But at the same time, the researchers pointed out a troubling dearth of available data on the program. With the little information they were able to access, they found that people who left the program had at least a 40% chance of returning to homelessness.

Project Roomkey, one of Gov. Gavin Newsom’s signature pandemic initiatives, temporarily moved about 62,000 homeless Californians into hotel rooms in an effort to prevent them from catching COVID. The model, which provided residents with their own private room and bathroom, as well as (in some cases) healthcare and other services, was a world apart from traditional shelters where dozens of people sleep together in a room and services are limited.

The independent evaluation of the program, released Monday evening, says Roomkey succeeded in saving lives while also shifting the way the state thinks about homeless shelters.

“I believe the program was successful and I believe it has a further reach beyond just what happened during the program itself, because many communities and many providers have seen the value of this type of program and are trying to continue with it,” said Nichole Fiore, a principal associate with research firm Abt Global who co-authored the report. The report was funded by the California Health Care Foundation and the Conrad N. Hilton Foundation.

But the researchers acknowledged large holes in the accessible state and local data. For example, they couldn’t cross-reference death records or information about participants’ health, meaning they had no way to prove Roomkey prevented deaths or kept people healthier.

Initial responses to public records requests filed by CalMatters revealed dozens of deaths in Roomkey programs spread across the state.

In Ventura County, 32 people died in Roomkey hotel rooms, the majority “due to health conditions and COVID related,” said Jennifer Harkey, program director of the Ventura County Continuum of Care. Twelve people died in San Diego County, eight in Tulare County and seven elderly people in Riverside County, officials told CalMatters.

Still, officials say the individual hotel rooms saved many more people from the more hazardous alternatives of staying on the street or crowding into traditional group shelters.

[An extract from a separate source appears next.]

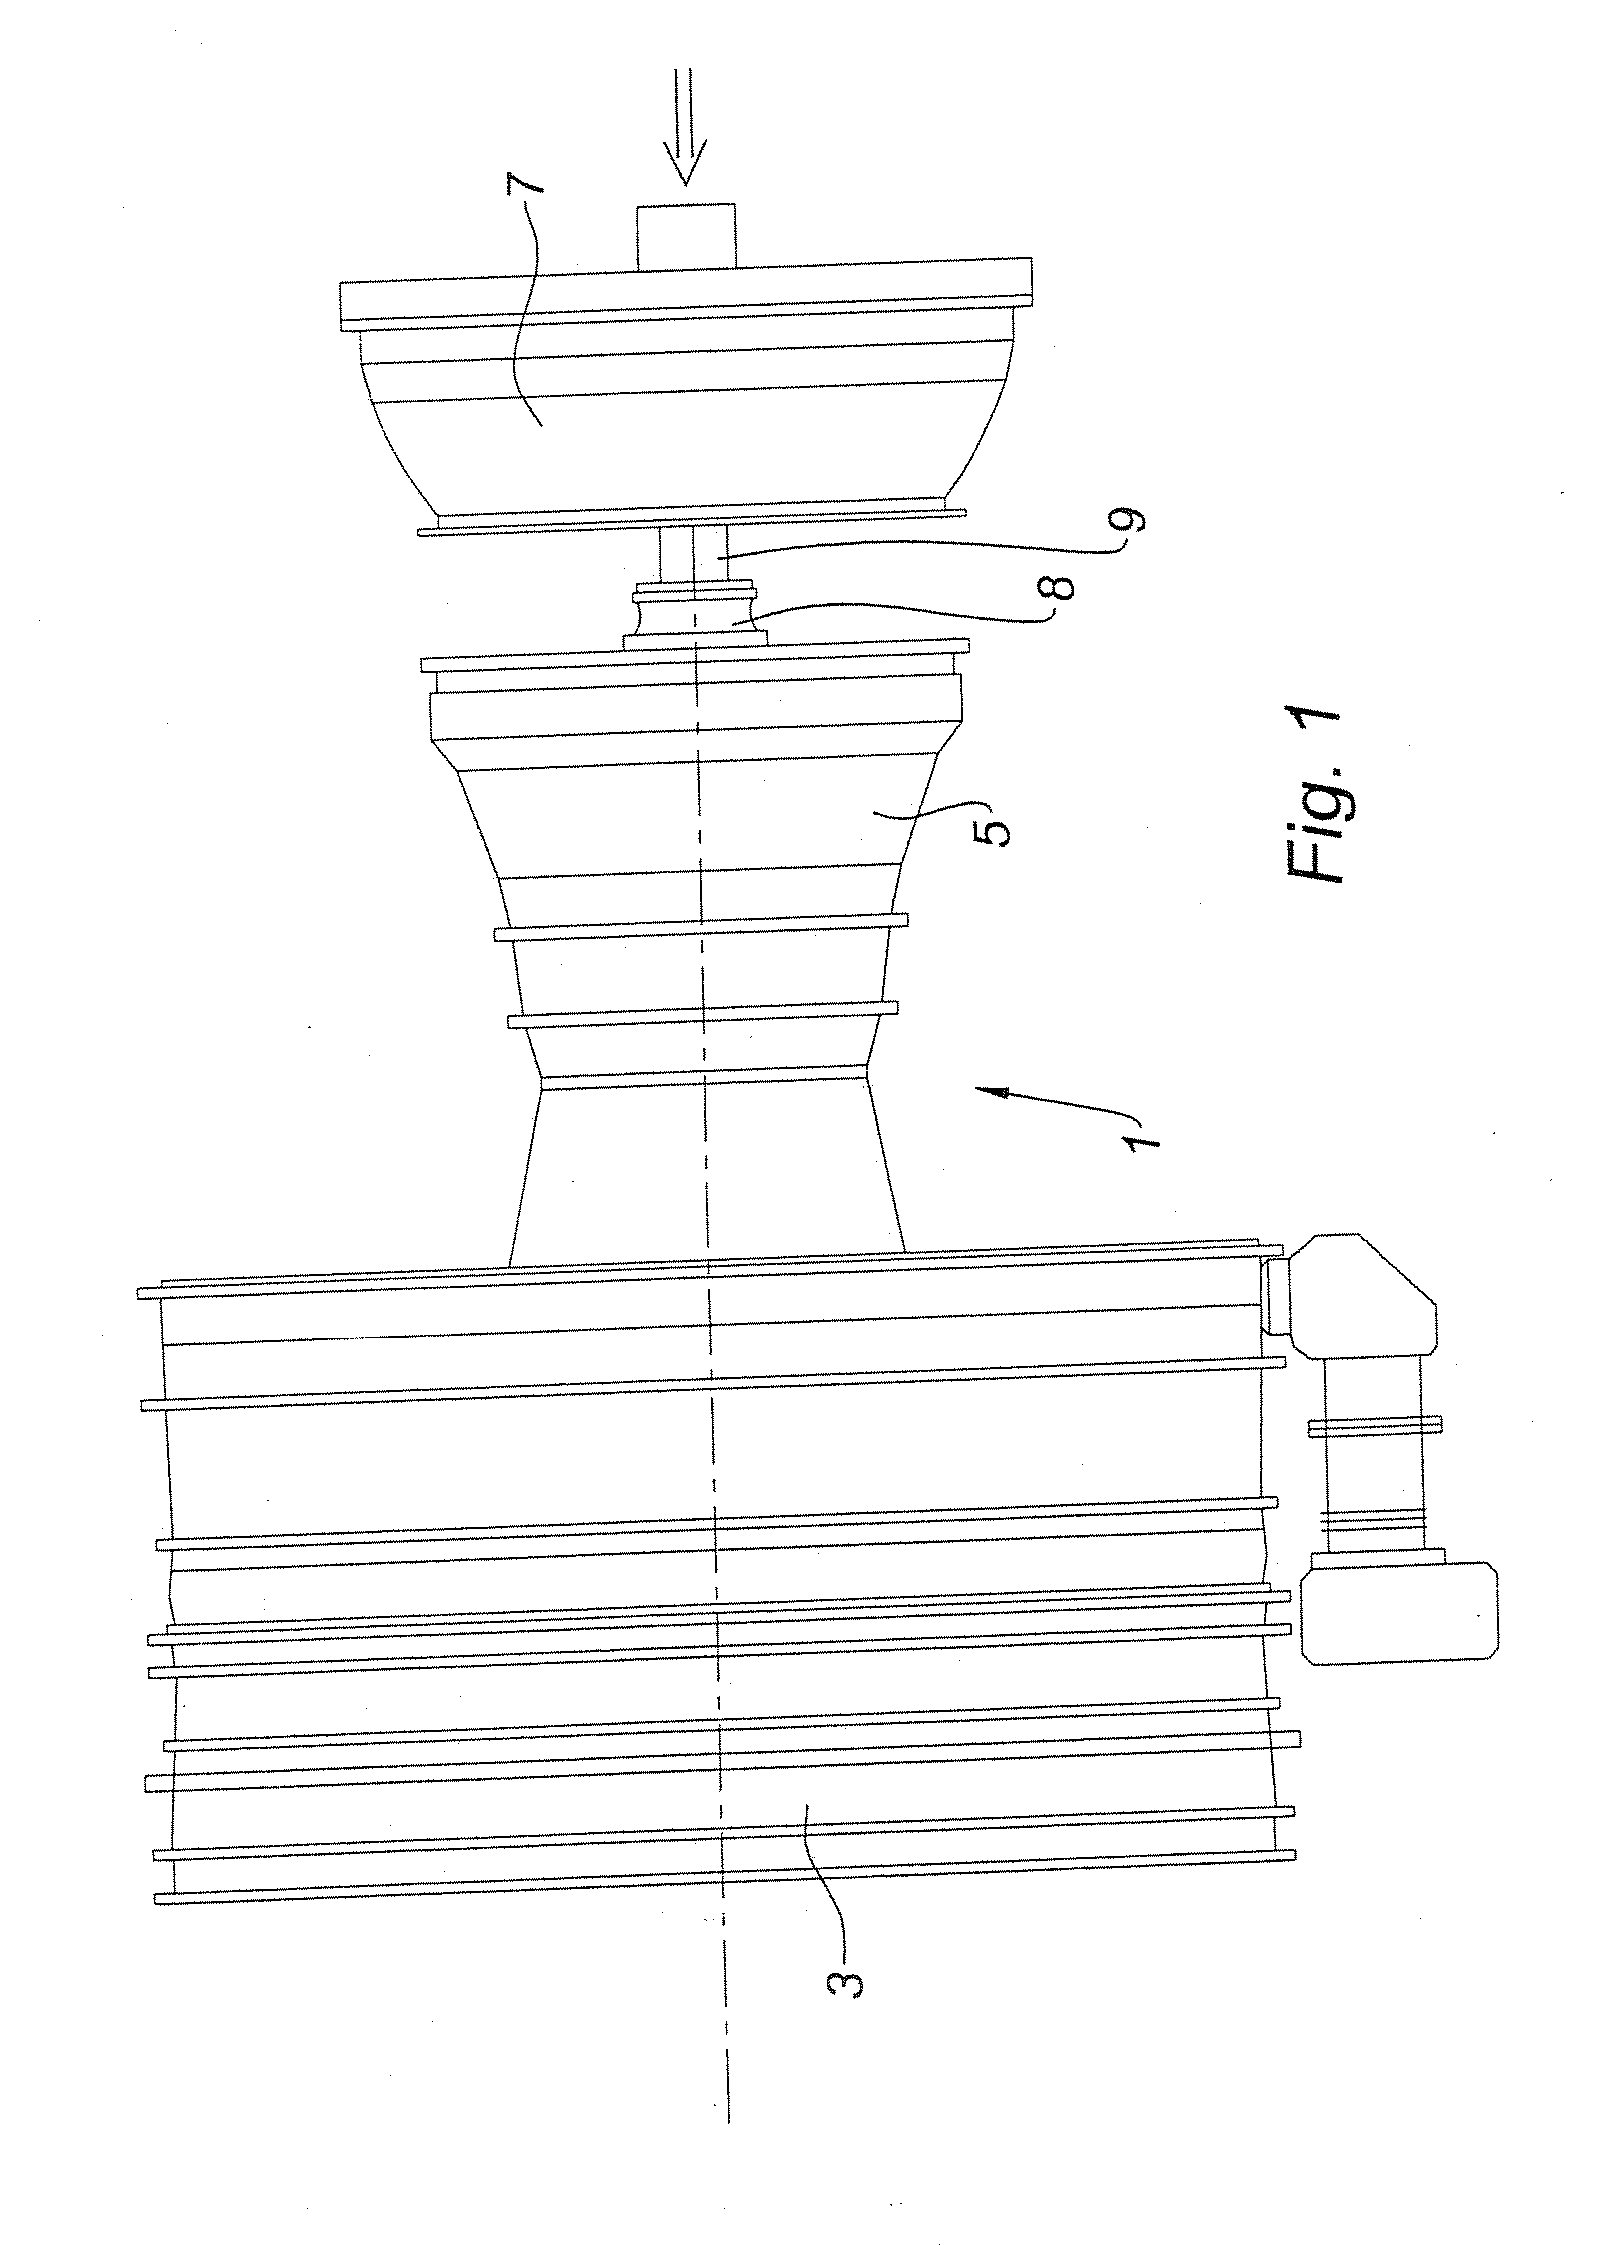 Method of assembling a turbomachine

“This has been a highly successful program by offering safety and stability to highly vulnerable unsheltered people,” Harkey told CalMatters in a statement. “This has proven that non-congregate shelter is a model we need to continue in our community.”

In addition, though many program operators tried to move people into permanent housing as COVID vaccines were released and Roomkey hotels closed, they succeeded less than a quarter of the time.

Did Project Roomkey End People’s Homelessness?

Project Roomkey launched in March 2020 and was most heavily used between April 2020 and June 2021. It primarily accepted residents who were considered particularly vulnerable to COVID because they were 65 and older or had medical conditions such as asthma, diabetes or heart conditions.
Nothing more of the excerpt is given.